Im Rahmen seiner Beratungsrunden über die Lage in Afghanistan hatte der Präsident die Politiker beider Parteien im Weißen Haus empfangen. Canter sagte, die Republikaner würden Obama unterstützen, wenn er McCrystals Anforderung nach einer Truppenaufstockung nachkomme. "Aber wenn der Präsident einen anderen Weg geht, wird es für uns schwer, dies zu tun."
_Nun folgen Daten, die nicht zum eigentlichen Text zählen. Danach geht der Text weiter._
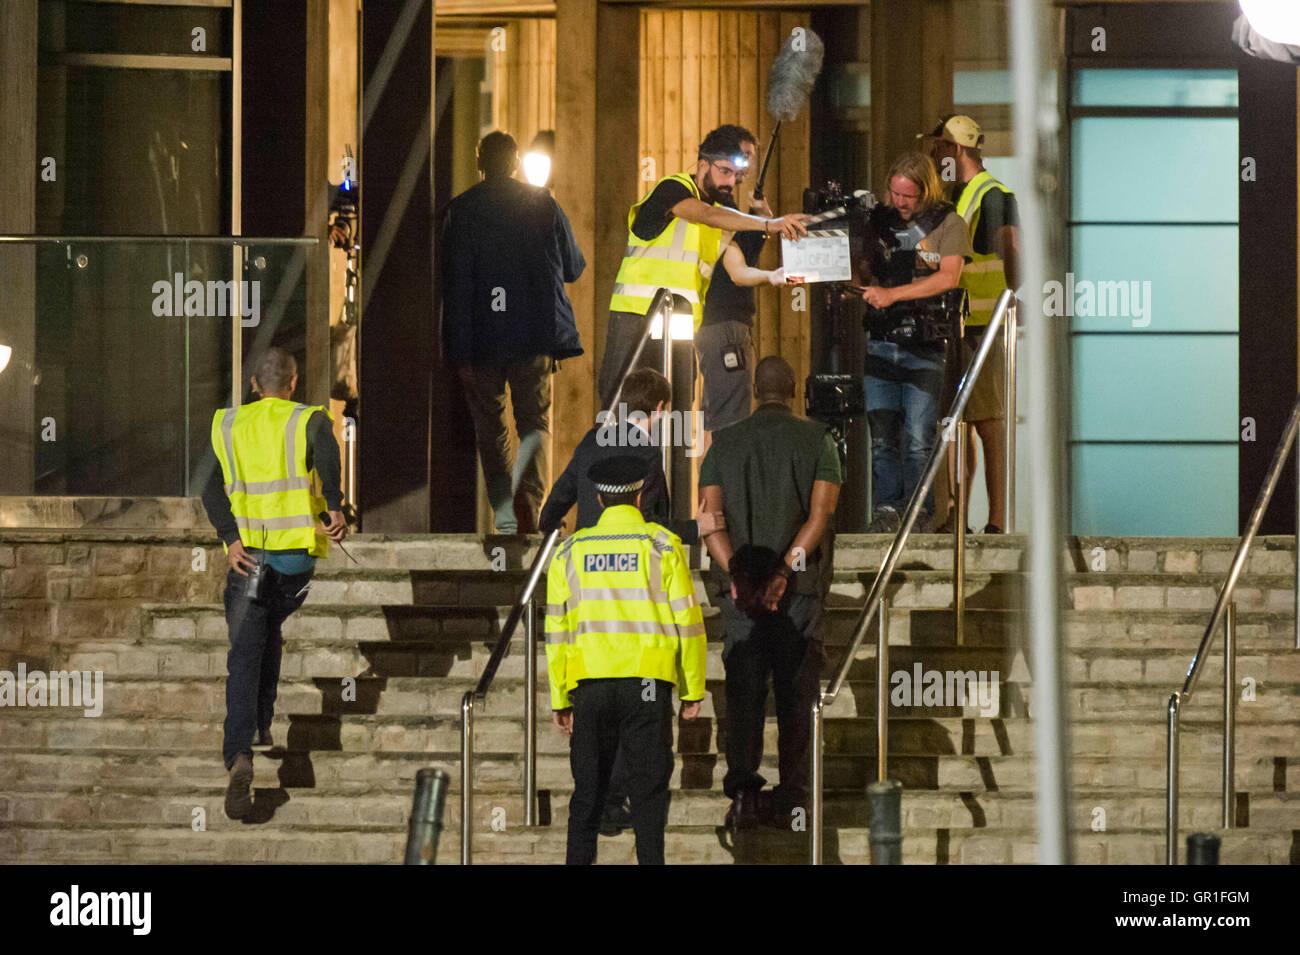 West Bay, Dorset, UK - 6th September 2016 - David Tennant and Sir Lenny Henry filming arrest scene on the steps - Stock Image

Scharfe Kritik erntete Obama von seinem ehemaligen Rivalen ums Präsidentenamt, dem Republikaner John McCain. "Die Zeit spielt nicht für uns", sagte McCain. "Wir müssen mit gebotener Eile handeln." Dem Sender CNN sagte McCain, mit Blick auf die Verstärkung der Soldaten in Afghanistan sei jeder Vergleich mit Vietnam falsch. Viel näher liege der geografische und strategische Vergleich mit dem Irak. Und dort habe eine Truppenaufstockung schließlich zum Erfolg geführt.
In Obamas eigener Partei hingegen wächst der Druck in die andere Richtung: Weniger Truppen oder ganz raus aus Afghanistan, meinen einige. Auch Obamas Vizepräsident Joe Biden stellt sich gegen eine Aufstockung der Truppen. Statt die Taliban-Aufständischen zu bekämpfen und die Regierung in Kabul dadurch zu schützen, sollten sich die amerikanischen Soldaten auf den Kampf gegen Al-Qaida-Terroristen konzentrieren, vor allem im Grenzgebiet zu Pakistan, meint Biden. Er möchte den Kern der US-Operation nach Pakistan verlegen und den Kampf von dort mit Spezialkräften und Drohnen fortsetzen.
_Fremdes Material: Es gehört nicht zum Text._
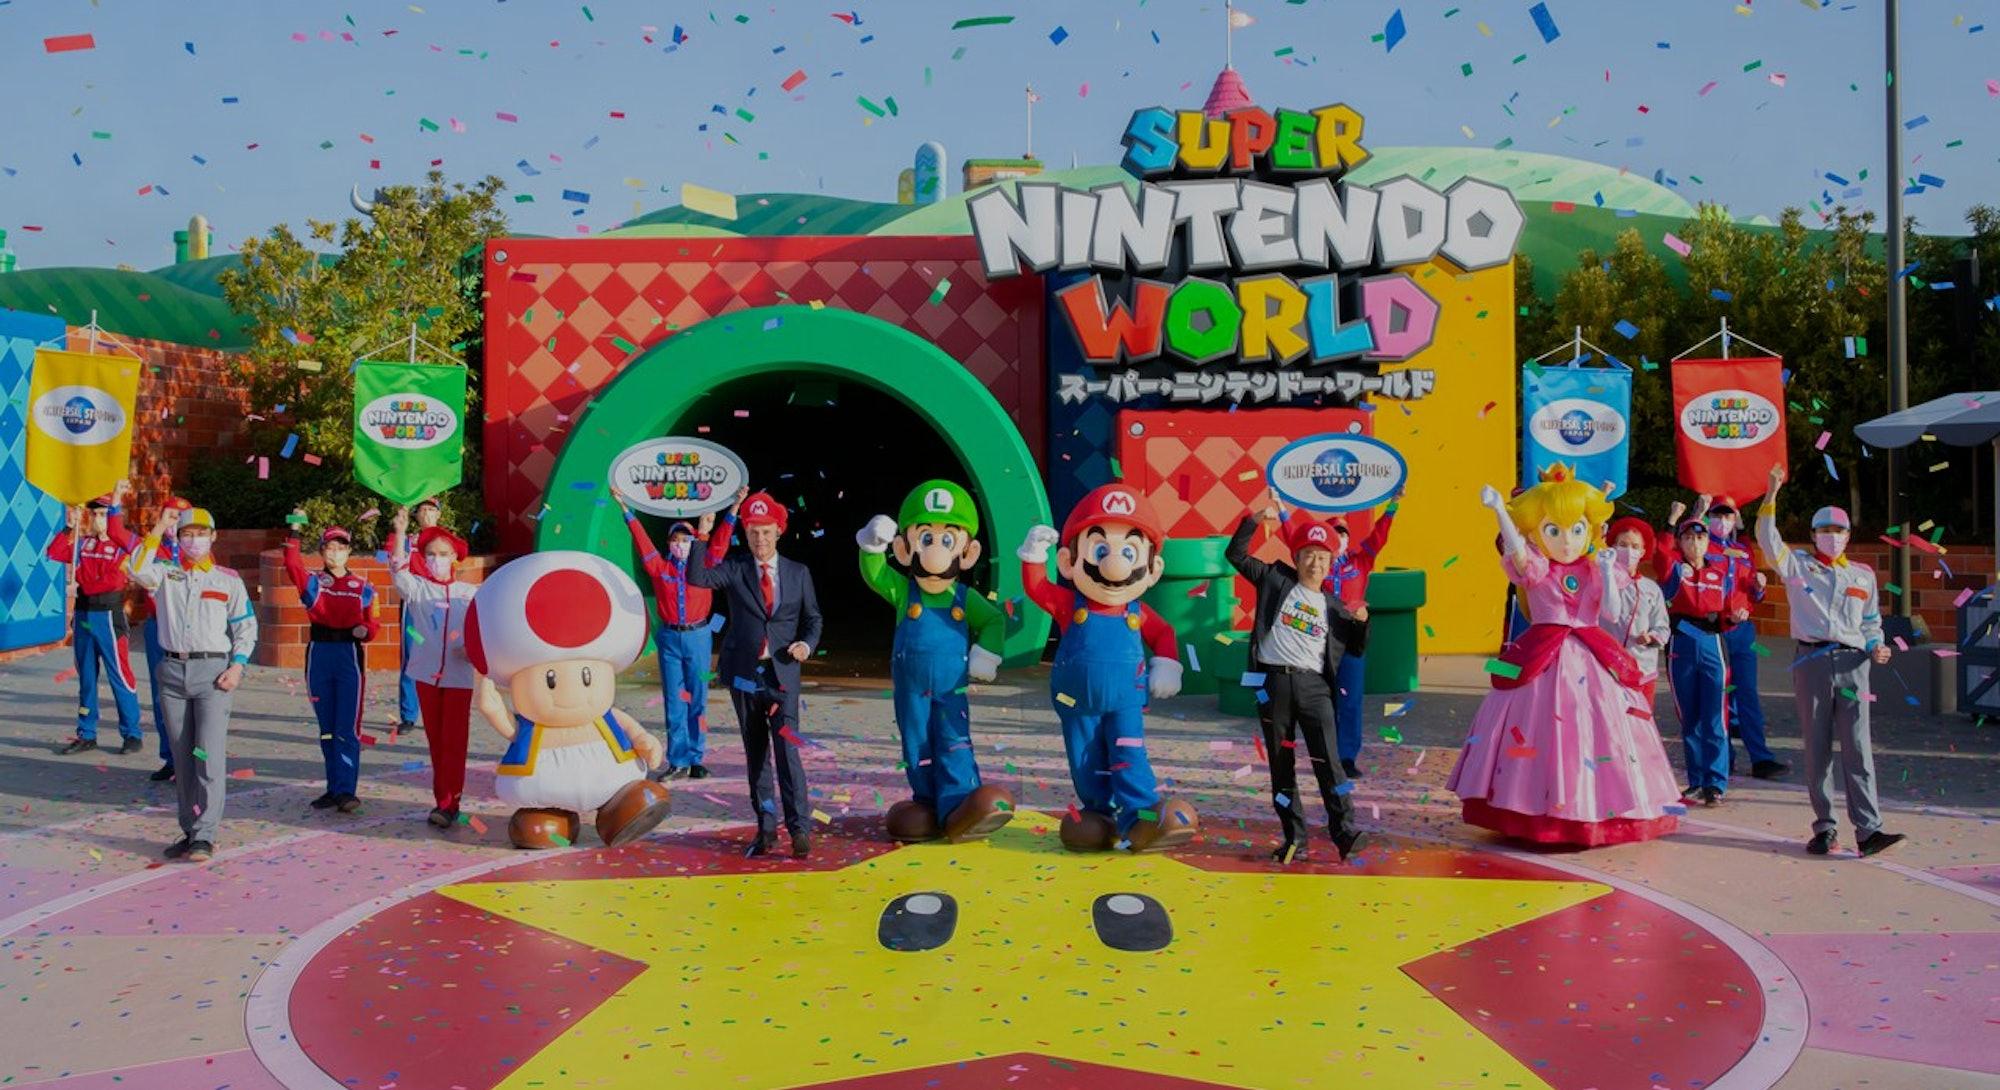 Super Nintendo World grand opening in Osaka Japan. Super Mario. Nintendo.

Neue gewaltsamen Zwischenfälle heizen die Debatte weiter an. Erst am Samstag hatten schwerbewaffnete Aufständische in der östlichen Provinz Nuristan zwei US-Außenposten überfallen. Gestern berichteten US-Medien, dass es rund zwei- bis dreihundert schwerbewaffneten Aufständischen gelang, bis an die Grenzen des US-Camps vorzudringen.
Es war eines der verlustreichsten Gefechte für die USA seit Beginn des Krieges: Acht amerikanische Soldaten und zwei afghanische Sicherheitskräfte wurden getötet, 20 weitere Einheimische verschleppt. Wie ein Militärsprecher inzwischen einräumte, waren die Gefechte so heftig, dass die US-Truppen zeitweilig völlig "in sich zusammengebrochen" seien. Der Überfall habe gezeigt, wie ausgebrannt und schwach die US-Truppen seien.
Nach Angaben eines Nato-Sprechers konnten die US-Truppen den Angriff nur durch Luftangriffe zurückschlagen. Dabei seien mehr als hundert Aufständische getötet worden. In den acht Jahren des Einsatzes sind bereits 865 US-amerikanische Soldaten und 570 Soldaten verbündeter Truppen ums Leben gekommen. Auch der finanzielle Aufwand ist immens. Nach Schätzungen von Kongressmitarbeitern dürften sich die Kosten für den Krieg bald auf mehr als 300 Milliarden Dollar summieren.
In der US-amerikanischen Bevölkerung, die den Einsatz einst als den eigentlichen Krieg gegen der Terror befürwortet hat, wächst der Unmut. Und auch bei den Verbündeten sinkt die Unterstützung für den Einsatz. Das Parlament in Den Haag forderte am Dienstag mit breiter Mehrheit, den Einsatz der niederländischen Truppen nicht über das Jahr 2010 hinaus zu verlängern.
Seit 2006 sind etwa 1.400 niederländische Soldaten in Afghanistan. Sie zählen zu rund 35.000 Nato-Soldaten, die die derzeit gut 60.000 US-Truppen am Hindukusch unterstützen. Auch in Großbritannien schwindet die Unterstützung. Nach einer BBC-Umfrage lehnen 56 Prozent der Briten den Einsatz ab.